- DIRECTIONS:
Only the lines from the beginning of the listing below through the line with "Page 70 of Andrew" belong in the answer; please print them exactly and drop the pictures.

- SUPPLIED INFORMATION:
********************

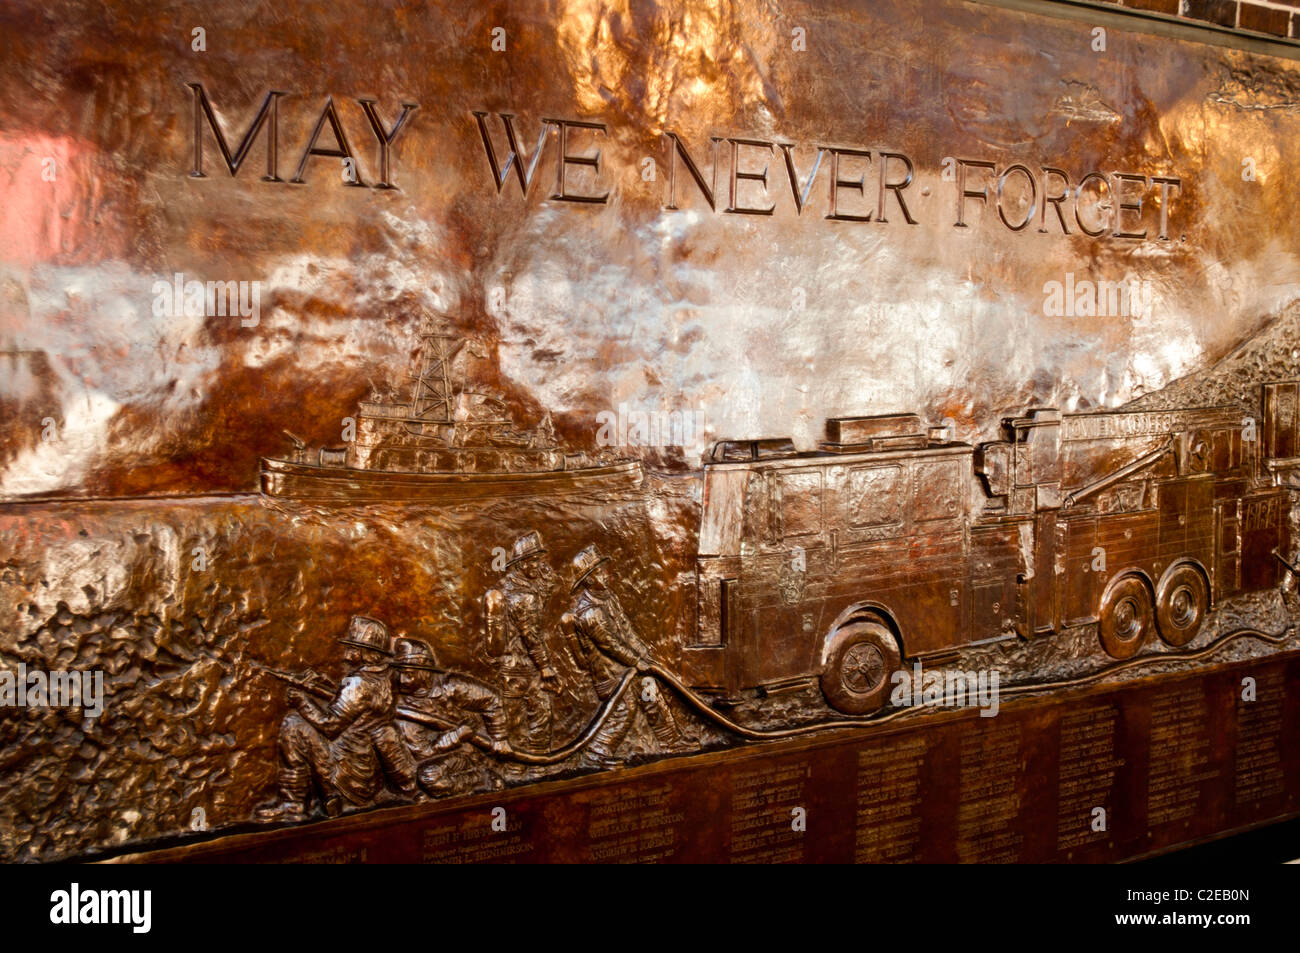 Ground Zero, May we never forget sign of New York Fire Department NYFD Memorial Wall bronze bass-relief, Manhattan, New York Stock Photo
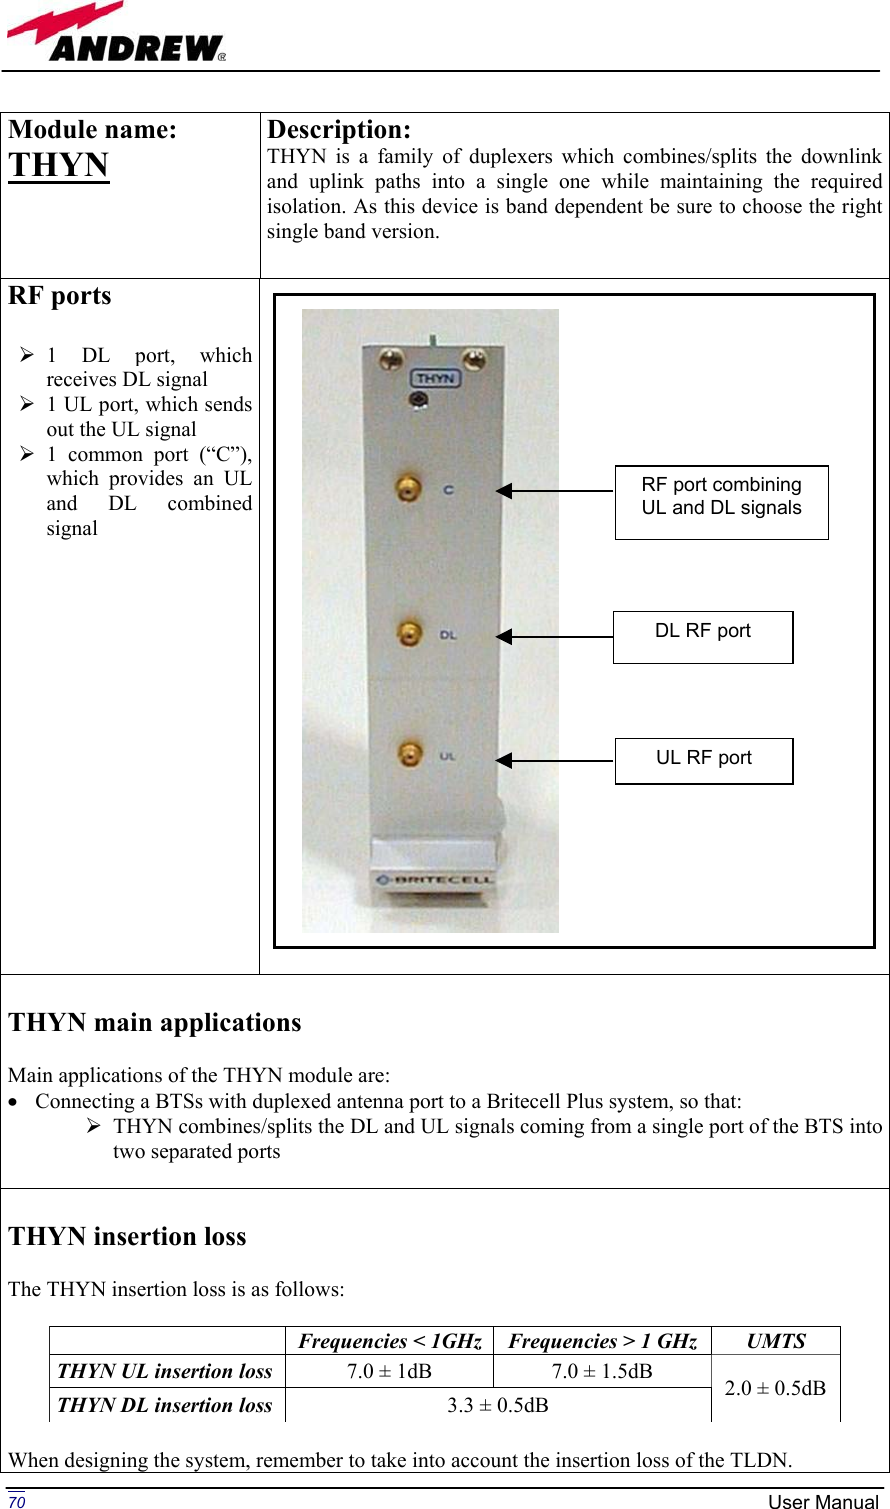 Page 70 of Andrew Wireless Innovations Group BCP-TFAM23 Model TFAM23 Downlink Booster User Manual MN024 04 rev3
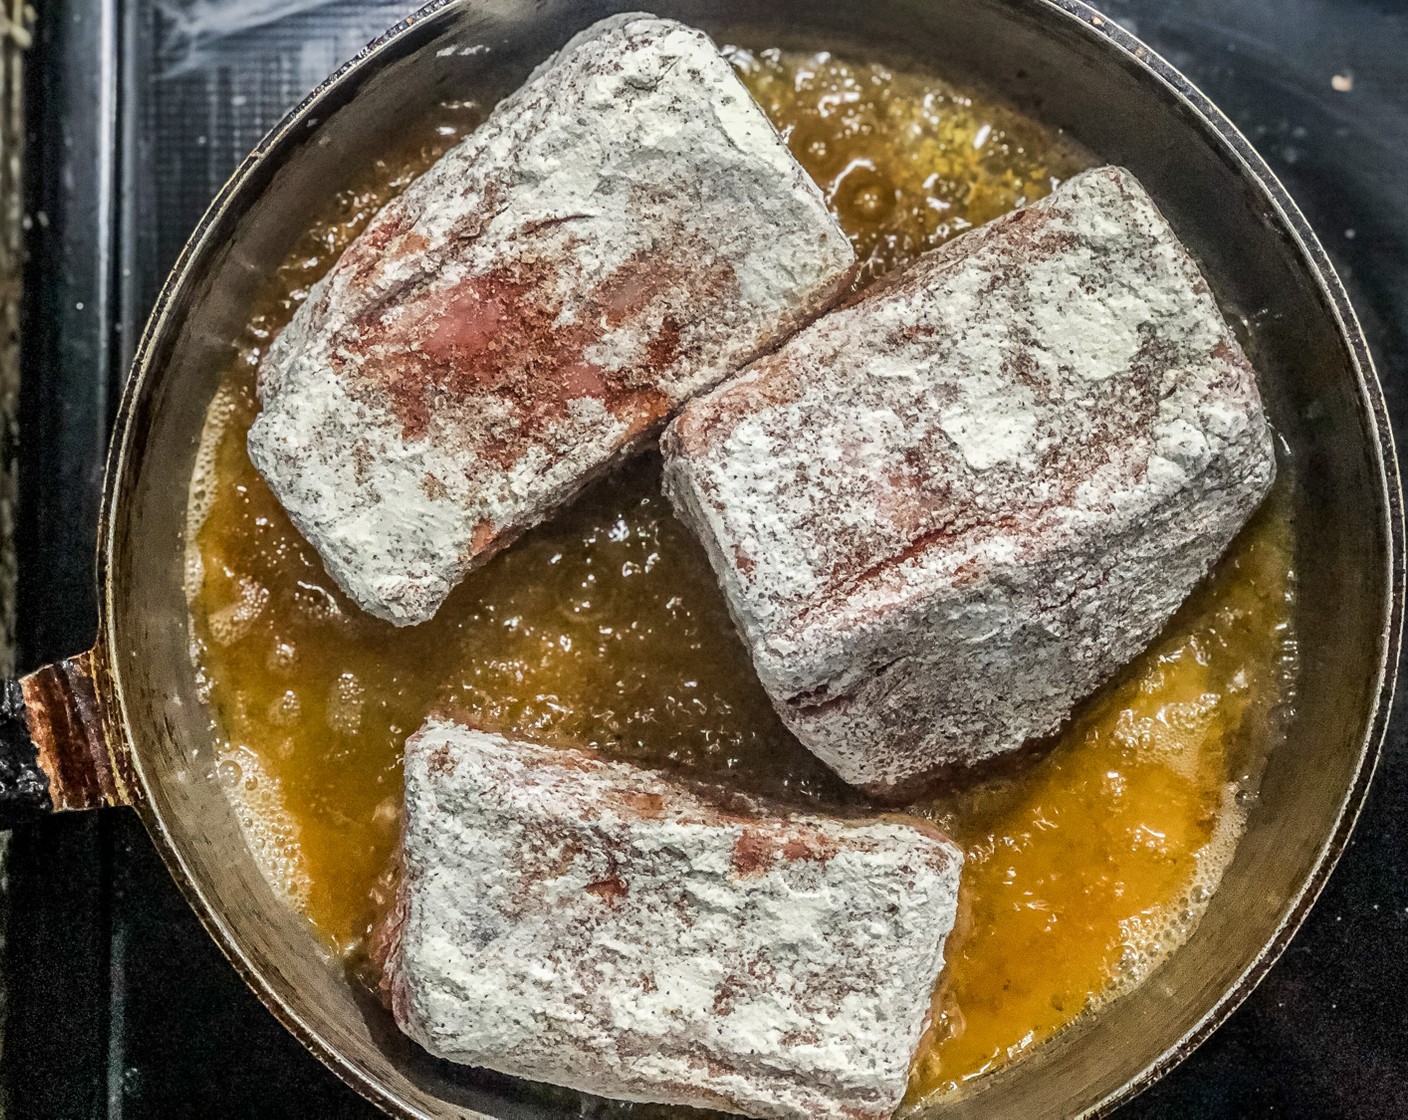 step 4 Dust short ribs in the flour. Once the oil is hot (add a pinch of flour if it sizzles slowly it’s hot) cook them in batches for 1 minute on each side.

********************

- TASK OUTPUT:
 Ground Zero, May we never forget sign of New York Fire Department NYFD Memorial Wall bronze bass-relief, Manhattan, New York Stock Photo
 Page 70 of Andrew Wireless Innovations Group BCP-TFAM23 Model TFAM23 Downlink Booster User Manual MN024 04 rev3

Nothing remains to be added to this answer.